Construction of a fiber optic network is a complex and lengthy process.
Construction of a fiber optic network is a complex and lengthy process. Numerous contractors are involved and the entire process can take six to 12 months to complete, depending upon the length of the circuit, the terrain and soils, weather and other external factors. Most CVEC distribution lines are a mix of overhead and underground construction. The following discussion covers the phases of construction along overhead distribution lines. You can see each step below:
Step 1: Make Ready Engineering
After an in-house autodesign of the ﬁber build, ﬁeld engineers go to each pole to determine if any modiﬁcations are required in order to support the ﬁber and its associated steel strand. These engineers create design sheets showing where to move items at the pole to create more space, as well as where poles need to be changed out to add height or strength. During this time, inspectors will “ride out” the build to ensure every member will be included in the ﬁber build. This phase can take two to four weeks
Step 2: Make Ready Construction
Line crews will change poles, move transformers from one side of the pole to another, move wires on the pole, add new anchors to the poles, and perform other work to allow the ﬁber to be placed later. The make ready construction phase can take four to twelve weeks as a rule of thumb. This work has the widest variance in time of all construction phases.

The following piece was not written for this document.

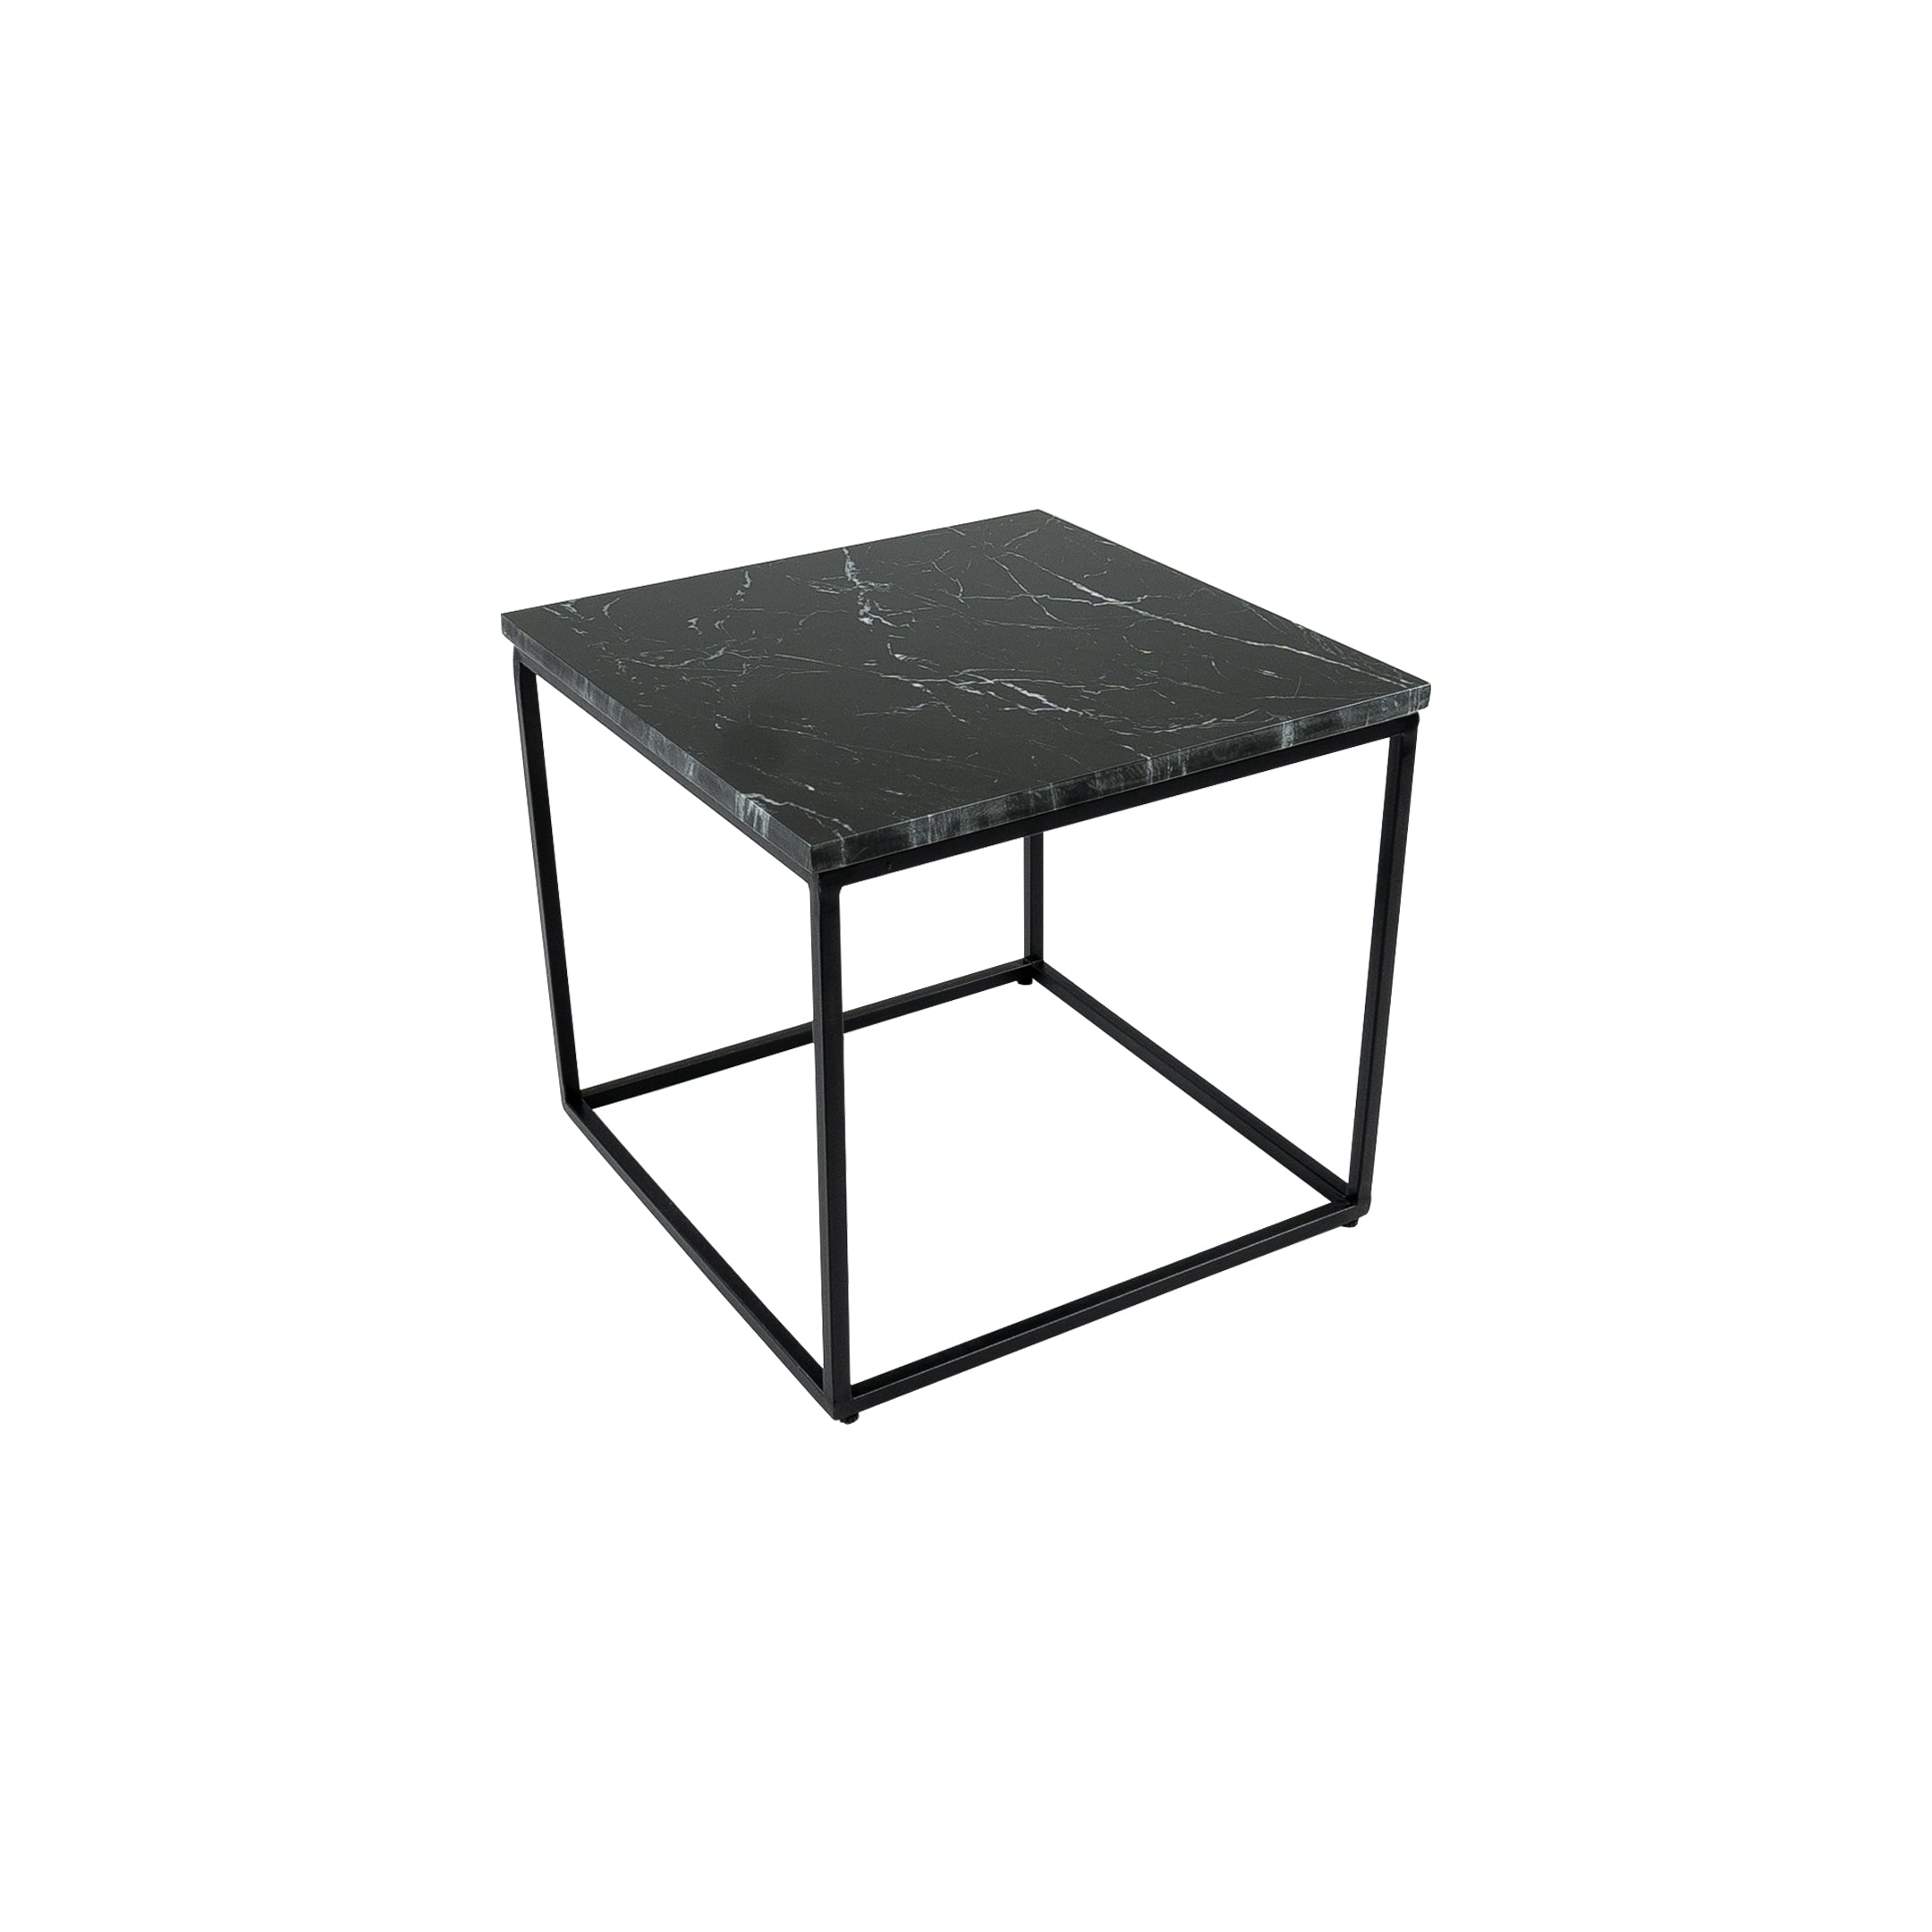 Kick side table Marble 50x50cm

Step 3: Fiber Construction
Fiber crews place steel strand along the pole line and return to place the ﬁber optic cable against the steel strand. A lashing machine is used to secure the ﬁber to the strand. In locations where the electric is underground, the ﬁber optic cable will be placed in a small plastic pipe underground by either boring or plowing. Asphalt and concrete driveways will be bored under and a pedestal may be placed next to a transformer or junction box to allow for a service drop. Areas of disturbance are restored to their original state. Fiber construction can take four to eight weeks on a circuit.
Step 4: Splicing
Once the strand and ﬁber is placed, splicers will make splices at each end and tap point. They splice the necessary cables at each point and mount the splices in enclosures secured to the distribution poles or in pedestals. The splicing work can take another three to six weeks for the main lines.
Step 5: Service Drop Construction
The next step is service drop construction. This work can be done in parallel with some of the earlier work, or it might be done after the main line ﬁber is in place. The drop crews extend the ﬁber from the nearest splice point to the structure receiving service and leave coils of ﬁber in each location.
Step 6: Drop Splicing
The ﬁnal outdoor step in ﬁber construction is the splicing of the drop. The splicer connects the last length of ﬁber at the tap point and also mounts a network interface device (NID) at the structure with the ﬁnal splice inside the NID. The service is now ready to turn over to Fireﬂy for installation
As you can see , there will be multiple different contractors and vehicles passing each point over several months before the service is ready for final installation.